SITE | PREDOMINANT TONE | EFFECT OF GANGLIONIC BLOCKADE |
---|---|---|
Arterioles | Sympathetic (adrenergic) | Vasodilation, increased peripheral blood flow, hypotension |
Veins | Sympathetic (adrenergic) | Vasodilation, peripheral pooling of blood, decreased venous return, decreased cardiac output |
Heart | Parasympathetic (cholinergic) | Tachycardia |
Iris | Parasympathetic (cholinergic) | Mydriasis |
Ciliary muscle | Parasympathetic (cholinergic) | Cycloplegia |
Gastrointestinal tract | Parasympathetic (cholinergic) | Reduced tone and motility, constipation, decreased gastric and pancreatic secretions |
Urinary bladder | Parasympathetic (cholinergic) | Urinary retention |
Salivary glands | Parasympathetic (cholinergic) | Xerostomia |
Sweat glands | Sympathetic (cholinergic) | Anhidrosis |
Genital tract | Sympathetic and parasympathetic | Decreased stimulation |
From Taylor P: Agents acting at the neuromuscular junction and autonomic ganglia. In Brunton LL, Lazo JS, Parker KL, editors: Goodman & Gilman’s the pharmacological basis of therapeutics, ed 11, New York, 2006, McGraw-Hill.
DRUGS AFFECTING NEUROMUSCULAR TRANSMISSION
Neuromuscular Transmission
Nervous control of skeletal muscle contraction is mediated by ACh. In response to a motor neuron action potential, ACh is released from the terminal region of the nerve fiber. The transmitter diffuses across the junctional cleft and binds with the nicotinic NM receptor on the postjunctional membrane (end plate) of the muscle fiber. As with other nicotinic receptors the NM receptor has two binding sites for cationic ligands, and the binding of two molecules of ACh to the receptor brings about an increase in the cation permeability of the end plate membrane and a consequent depolarization (excitatory end plate potential) of the junctional region of the muscle fiber. Under normal conditions, the depolarization is sufficient to trigger an action potential in the electrically excitable muscle fiber membrane, and muscular contraction follows.10 Figure 10-3 shows the physiologic events that occur in a nerve, neuromuscular junction, and skeletal muscle that lead to contraction of muscle and indicates points along the pathway at which drugs can block these events.

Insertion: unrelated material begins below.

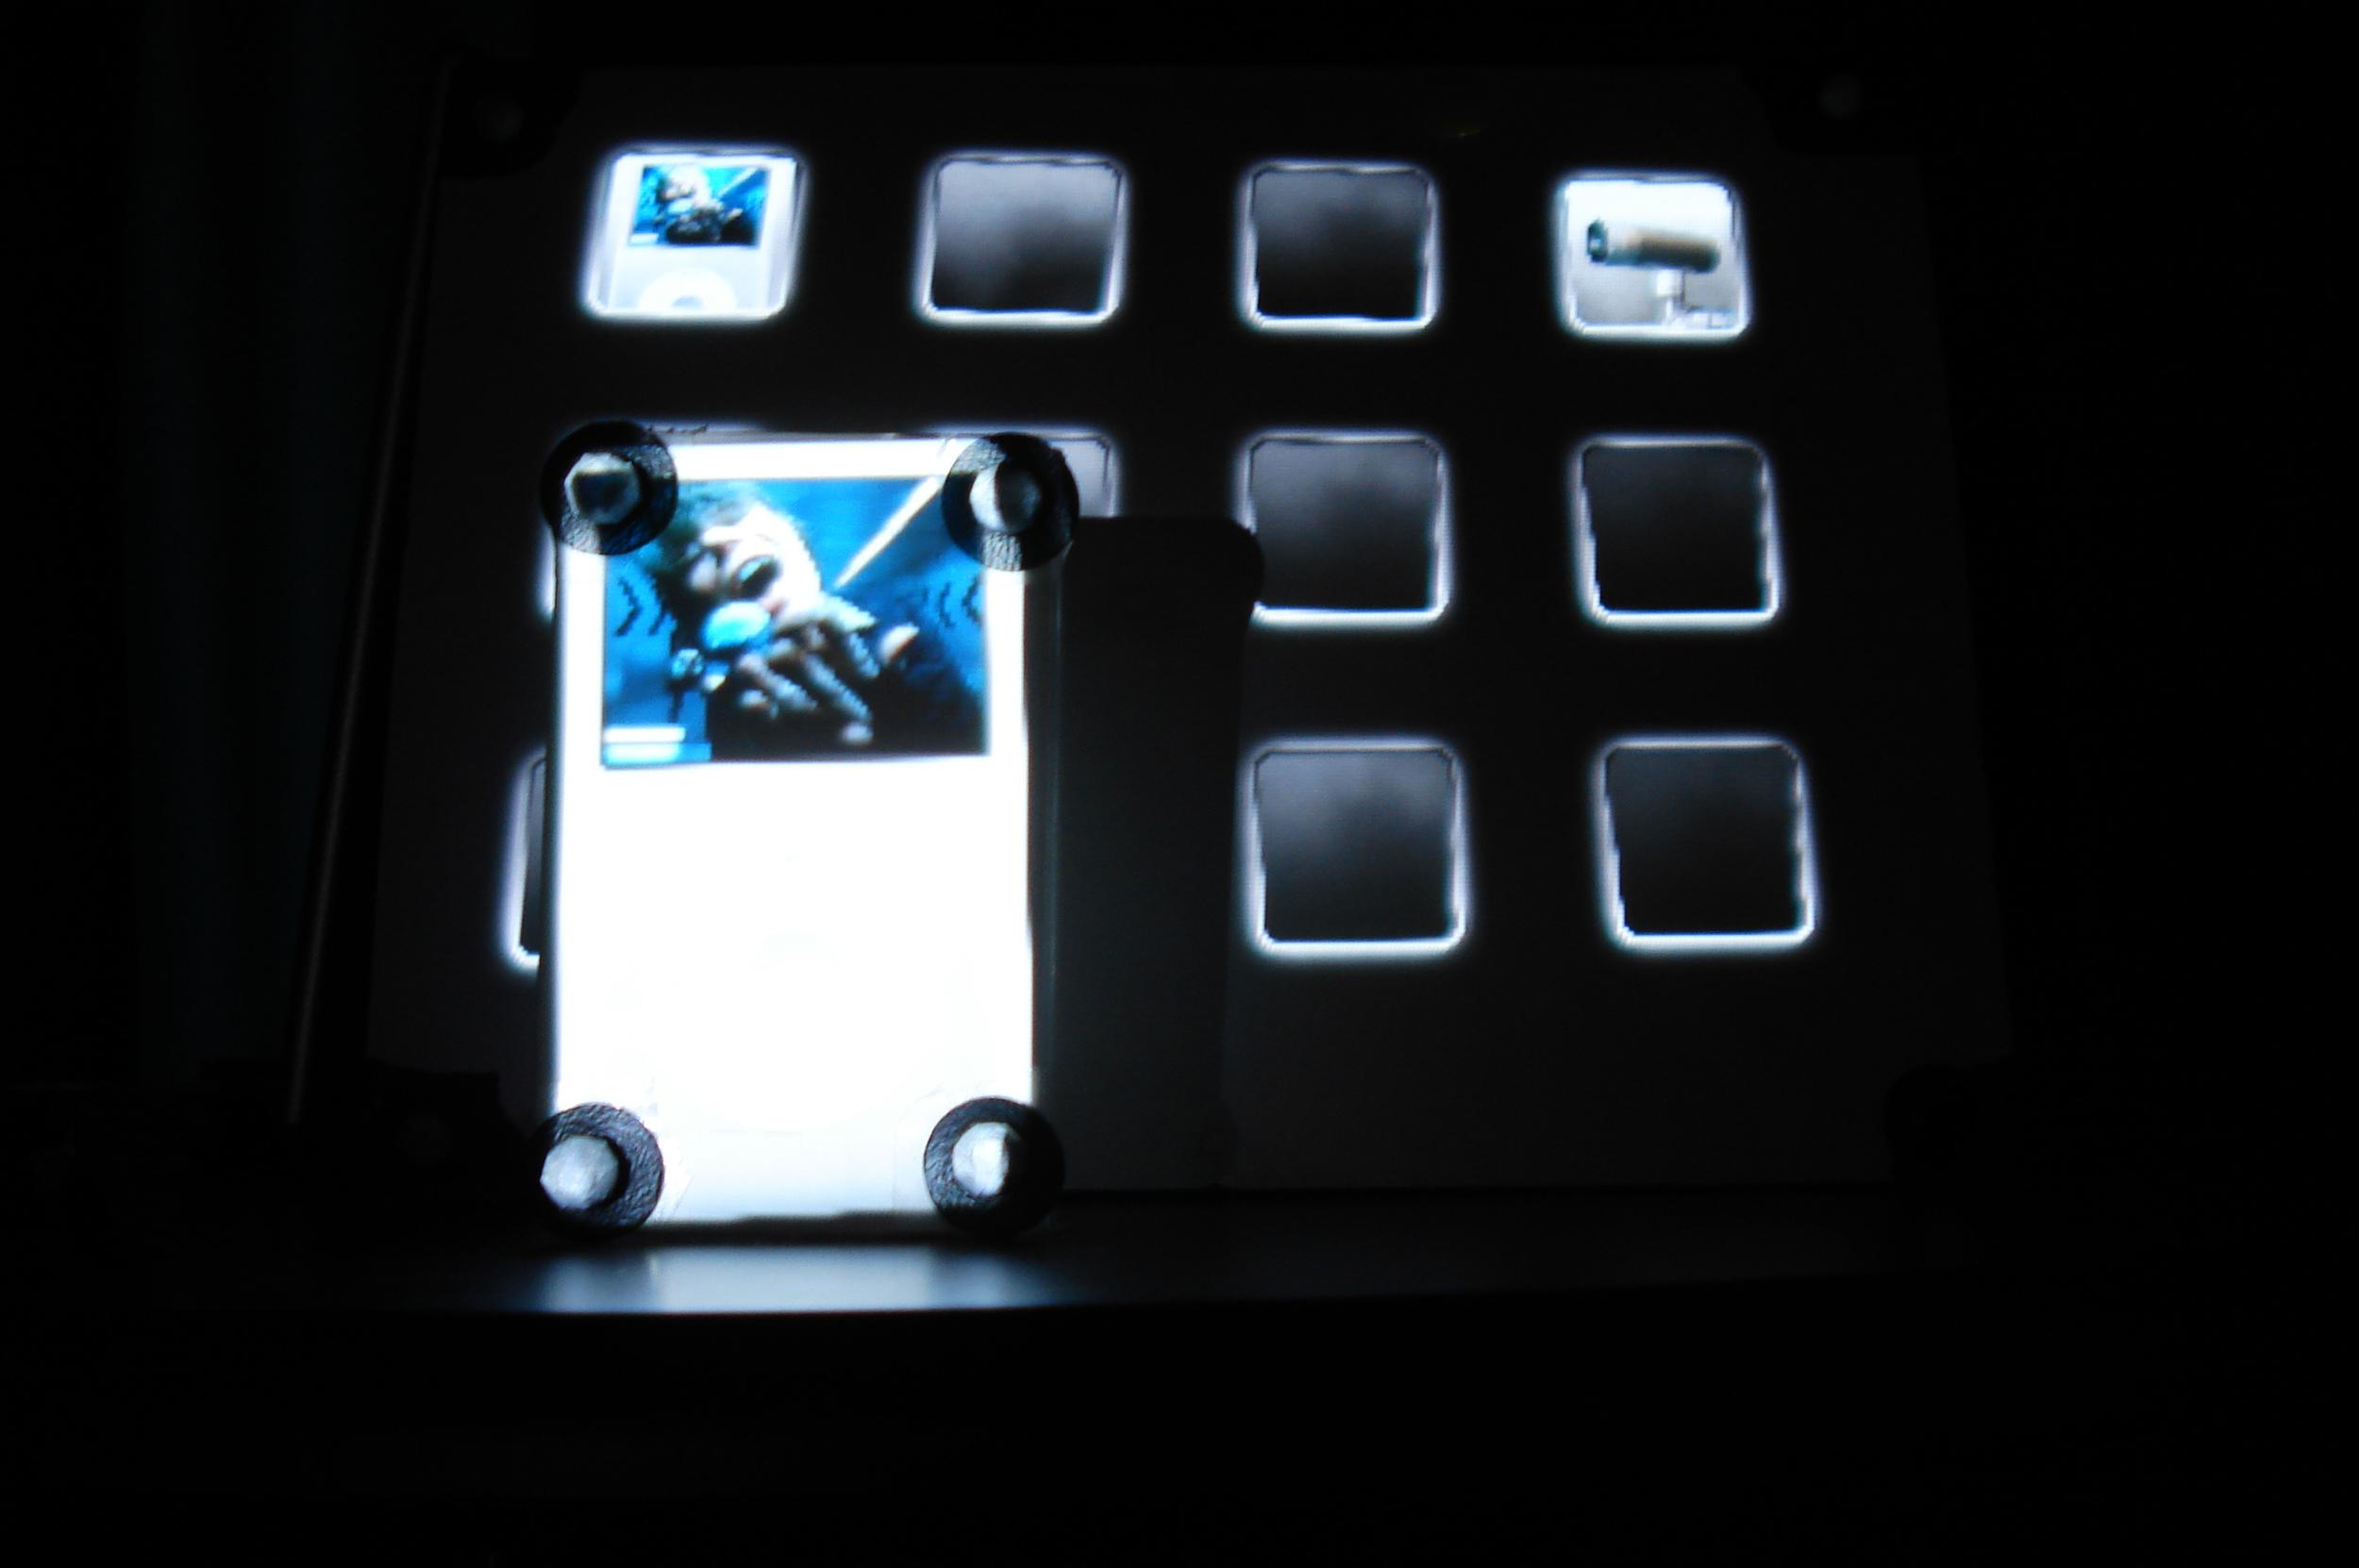 displayobjects workbench (2008) styrofoam ipod with ui editor

Neuromuscular Junction Blockers
Nondepolarizing agents
Nondepolarizing, or competitive, neuromuscular blocking drugs include tubocurarine (d-tubocurarine) and several other benzylisoquinolines (e.g., atracurium, cisatracurium, and mivacurium); aminosteroids such as pancuronium, rocuronium, and vecuronium; and a few unrelated drugs.19 Tubocurarine, rocuronium, and vecuronium are monoquaternary amines with a second nitrogen that is partially ionized at physiologic pH; the other clinically available drugs are bisquaternary compounds. Commonly, these drugs incorporate two cationic nitrogen sites into a rigid molecular structure (Figure 10-4). The rank order of potency at the NM receptor correlates highly with the clinical dose needed to produce 50% twitch depression of the adductor muscle of the thumb (adductor pollicis).